With deep industry knowledge and regulatory expertise, we don’t just build QMS documentation—we create sustainable quality systems that serve as a competitive advantage. Our goal is to embed compliance into your operations in a way that enhances performance, supports innovation, and ensures long-term regulatory success.

Regulatory compliance doesn't happen by chance—it’s the result of rigorous preparation, aligned systems, and a culture of accountability. Our Internal Audit, Supplier Audit and Audit Readiness services ensure that your organization and partners are fully prepared to meet the expectations of global regulators, notified bodies, and customers.

We provide:

Internal Audit Services: Risk-based audits aligned with ISO 13485, FDA QSR, MDSAP, MDR/IVDR, and other relevant standards to assess the health of your quality system and drive continuous improvement.

Supplier Audit, Qualification & Oversight: Evaluation, audit, and development of critical suppliers to ensure regulatory compliance and supply chain integrity.

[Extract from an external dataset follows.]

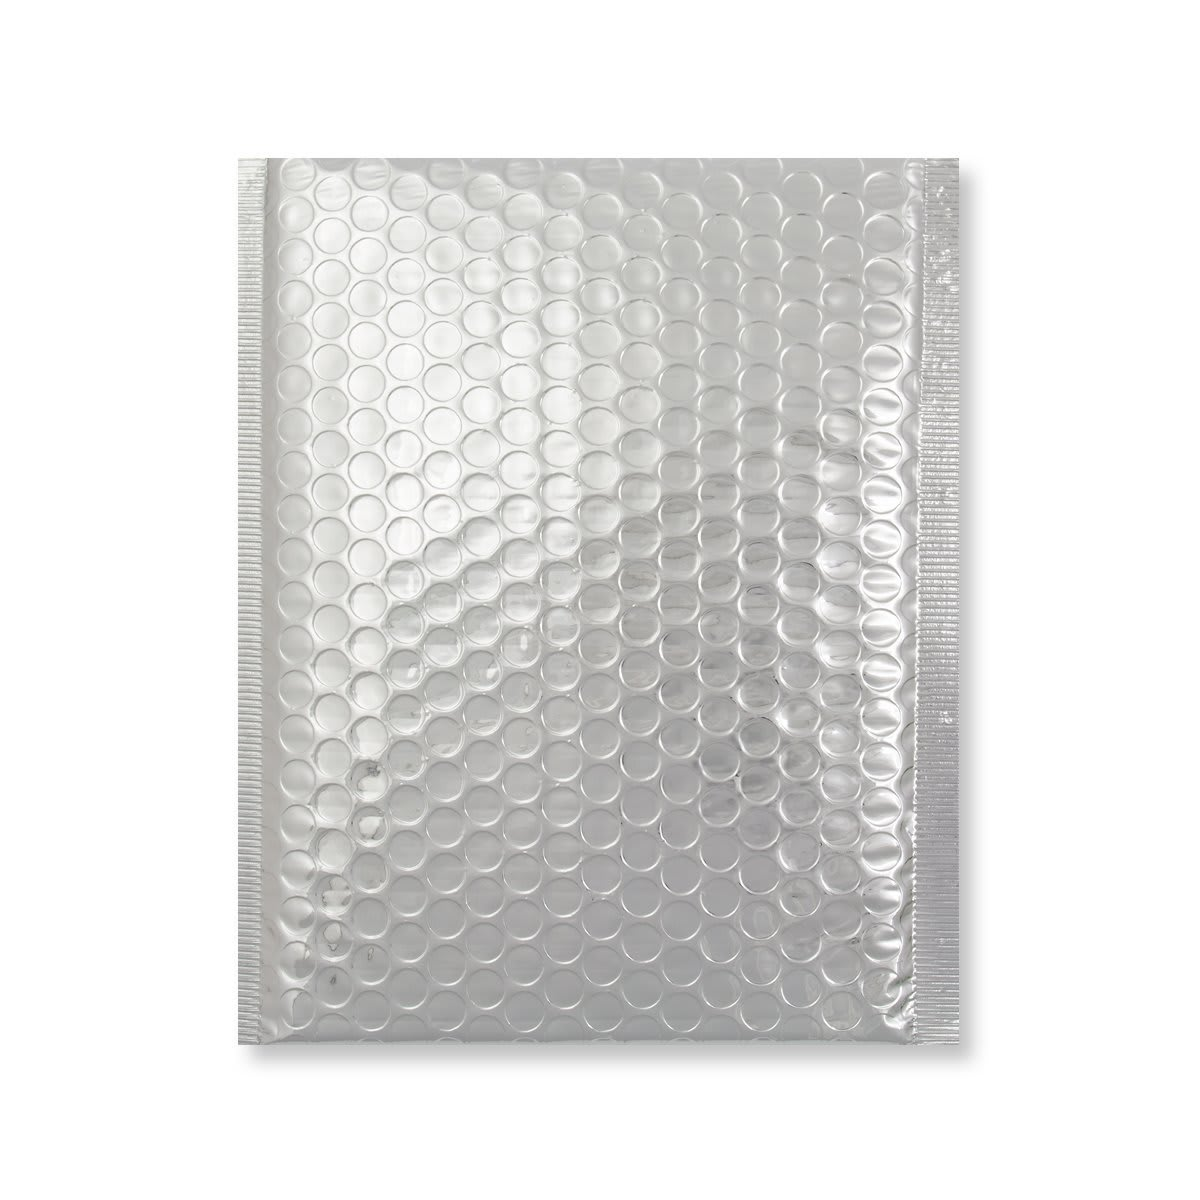 C5 + GLOSS METALLIC SILVER PADDED ENVELOPES (250 x 180MM)

Audit Readiness & Mock Inspections: Simulated audits and readiness assessments to prepare your team for regulatory, notified body, and customer inspections—with tailored training, documentation reviews, and coaching.

With experience on both sides of the audit table, we help you identify gaps before they become findings—minimizing risk, building confidence, and ensuring your organization is always inspection-ready.

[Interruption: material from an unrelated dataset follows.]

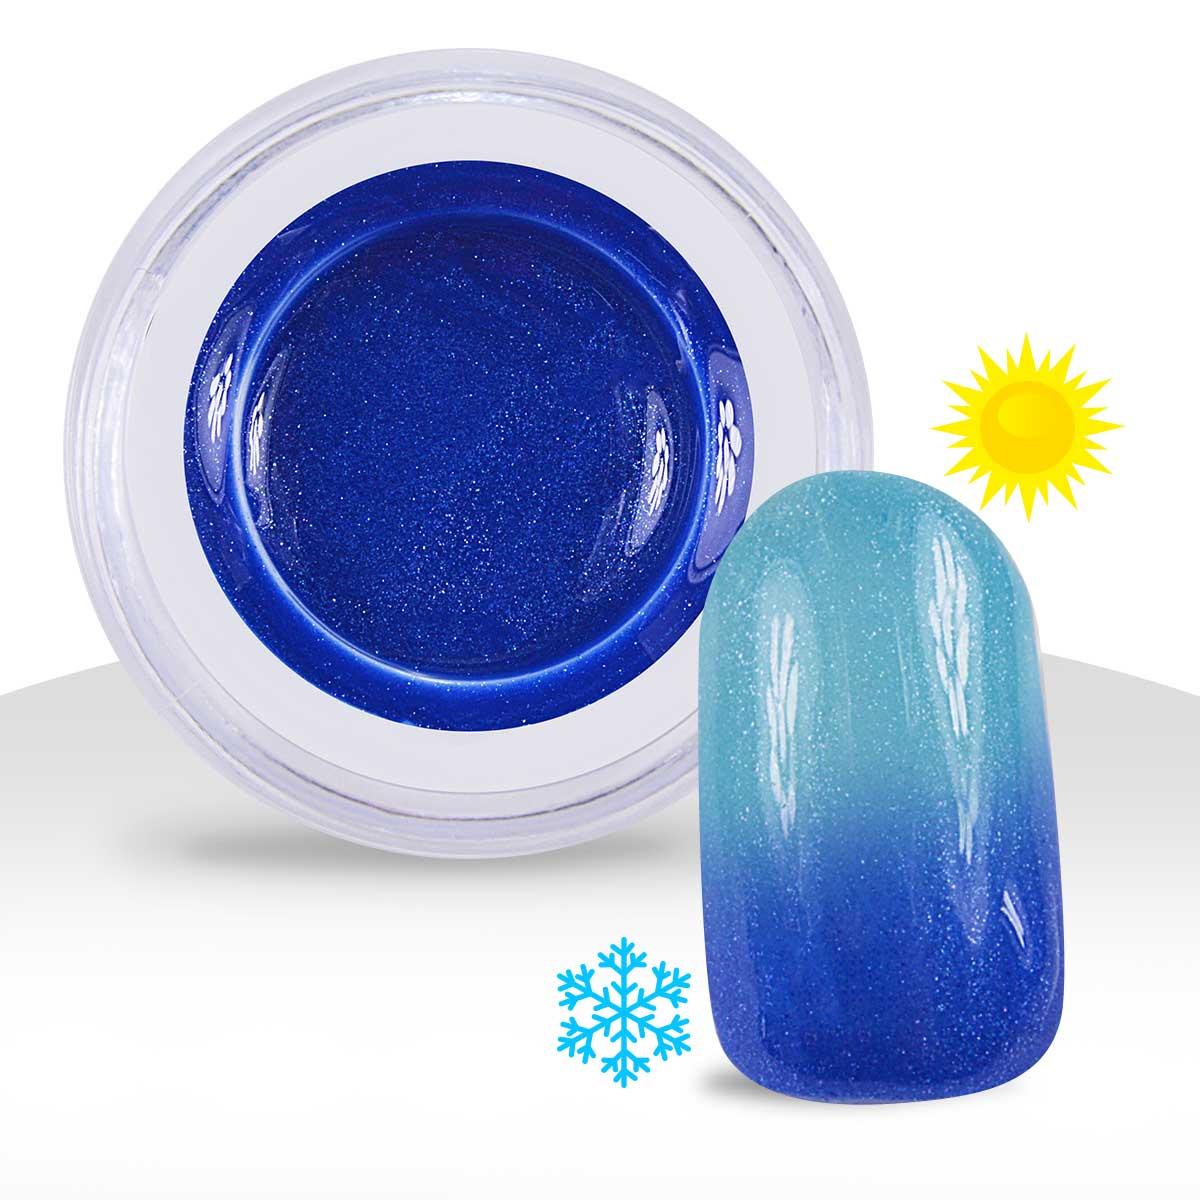 gel uv couleur m tallis thermo bleu fonc bleu lagon 5ml manucure ongles na ebay. Black Bedroom Furniture Sets. Home Design Ideas

Transitioning from a paper-based or hybrid quality system to an electronic Quality Management System (eQMS) is a critical step in modernizing compliance operations, improving efficiency, and scaling with organizational growth. Our Digital QMS Transition Support service provides expert guidance throughout the entire lifecycle of eQMS implementation—ensuring a smooth, compliant, and value-driven transformation.

Key Service Elements:

Needs Assessment & Platform Selection: We begin by conducting a detailed assessment of your current QMS processes, regulatory obligations, and operational needs.

Implementation Planning & Project Management: We support project planning, resource allocation and process mapping to align existing workflows with the eQMS configuration using a risk based approach.

System Configuration & Process Integration: We work with your team and vendor to ensure that QMS processes are properly configured, including user roles, access levels, and approval workflows

Data Migration & Validation: To ensure continuity and compliance by developing a migration strategy for transferring legacy documents, records, and quality data into the new system.  We establish validation protocols in line with FDA 21 CFR Part 11 and GAMP 5 guidance

Training & Go-Live Support: We deliver comprehensive training tailored to different user groups (administrators, quality team, general users) to ensure adoption and correct system use.

Our approach balances regulatory compliance, operational efficiency, and business scalability. Whether you're moving from spreadsheets or replacing a legacy eQMS, we provide the strategic insight and hands-on support needed to make your digital transition successful and sustainable.

Ongoing Compliance & Maintenance

Maintaining a compliant and effective Quality Management System (QMS) requires more than initial implementation—it demands continuous oversight, proactive improvement, and readiness for regulatory scrutiny at any time. Our Ongoing Compliance & Maintenance service is designed to help medical device companies sustain the health of their QMS, stay ahead of evolving regulatory expectations, and remain inspection-ready across all markets.

Key Service Components:

Management Review Facilitation: We support the planning and execution of effective management reviews that meet regulatory requirements and drive real decision-making.

Quality Metrics & Performance Monitoring: We help you define and track meaningful key performance indicators (KPIs) to measure QMS effectiveness.

Continuous Improvement Initiatives:Beyond compliance, we help you embed a culture of quality and continuous improvement

Regulatory Intelligence & Change Management: We monitor changes in global regulatory requirements (e.g., updates to ISO standards, MDR guidance, FDA regulations) and help you assess the impact of regulatory updates on your QMS and revise affected procedures and documentation

With our ongoing support, you can ensure that your QMS remains not only compliant—but also a strategic, efficient, and resilient system that grows with your business and withstands regulator scrutiny. We help you move from reactive compliance to proactive quality leadership.